Ilustre, o animal permaneceu com a postura elegante. Abaixou a cabeça olhando para baixo, se curvando um pouco. Era muito maior que ela, e um sentimento de superioridade não pôde ser evitado. Ele estava mostrando confiança, e sua postura agressiva foi por água abaixo com aquilo.
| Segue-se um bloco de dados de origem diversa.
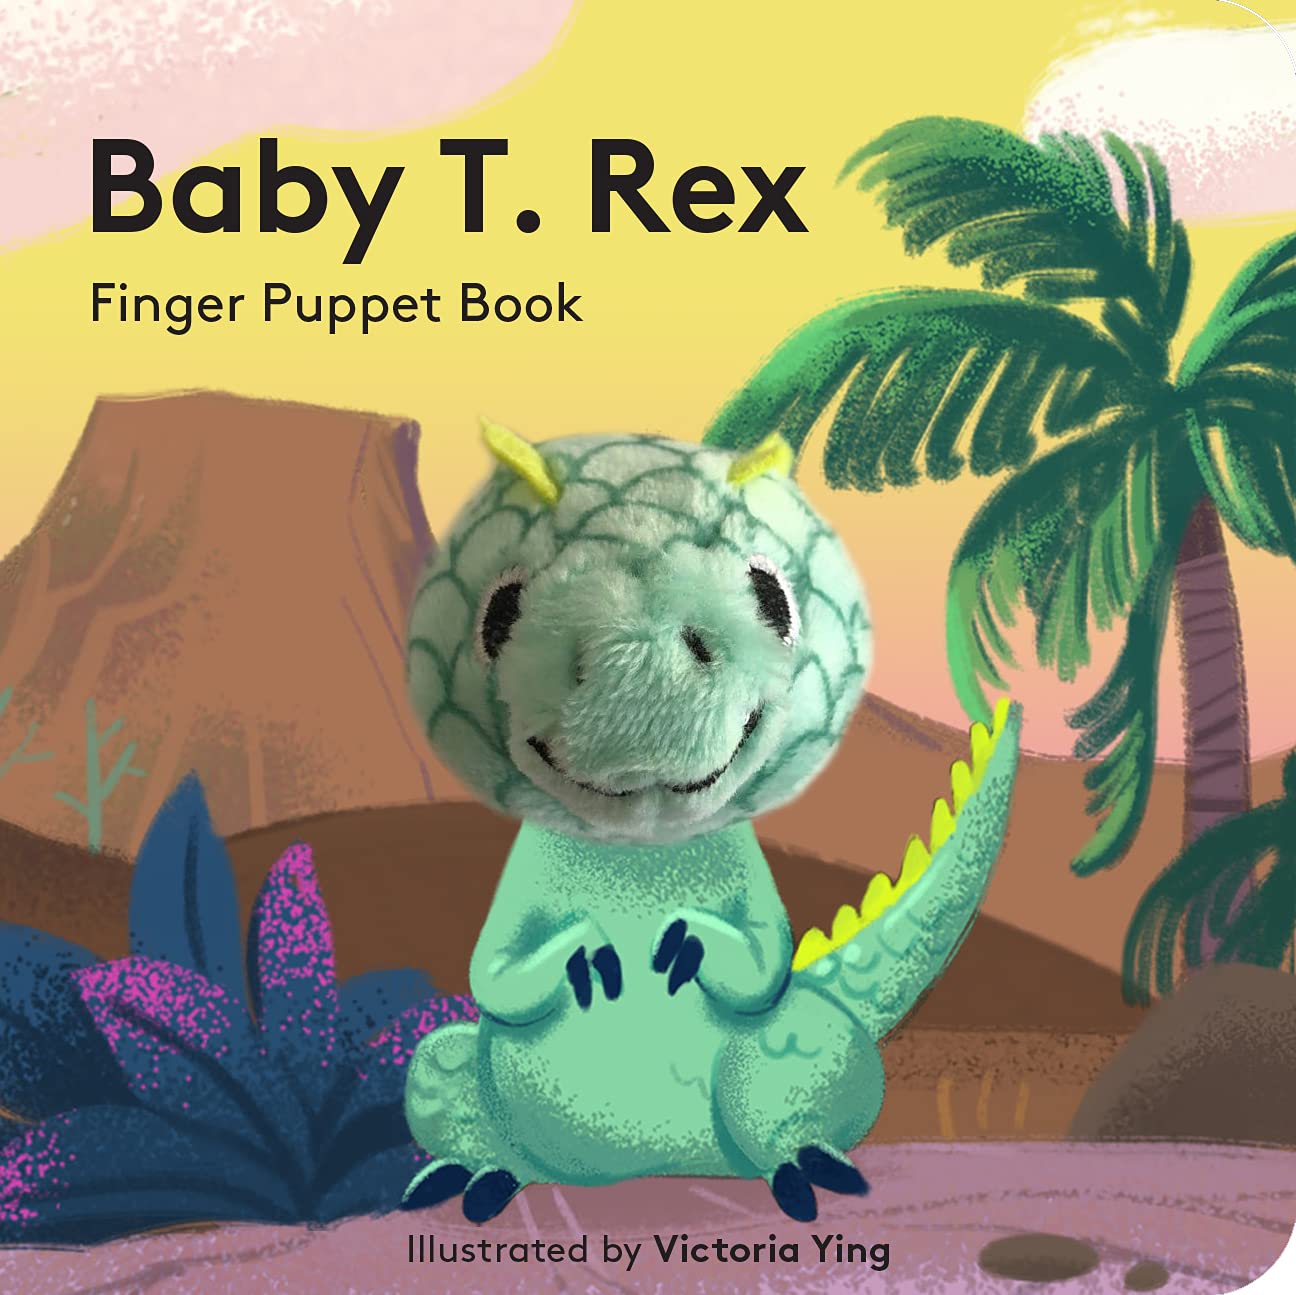 "Baby T. Rex" Finger Puppet Book

Um baque de tontura a atingiu, e ela cambaleou para o lado. Chacoalhou o corpo, confusa. Esqueceu aquele lobo ali e começou a correr entre as árvores. Sentia outros. Muitos outros atrás dela.

Não sabia o que estava fazendo, mas aquela nova metade que agora dividia seu corpo a mandava correr.

Parecia já ter corrido por milhas quando seu corpo começou a se cansar. Não fazia ideia de onde estava, quando um enorme lobo de pelos castanho-escuros apareceu em sua frente. A postura de ambos se tornou agressiva, e não demorou até que começassem a se atacar. Mordidas, arranhões e rosnados saíam de ambos, e logo vários desses lobos enormes começaram a aparecer. Pessoas também.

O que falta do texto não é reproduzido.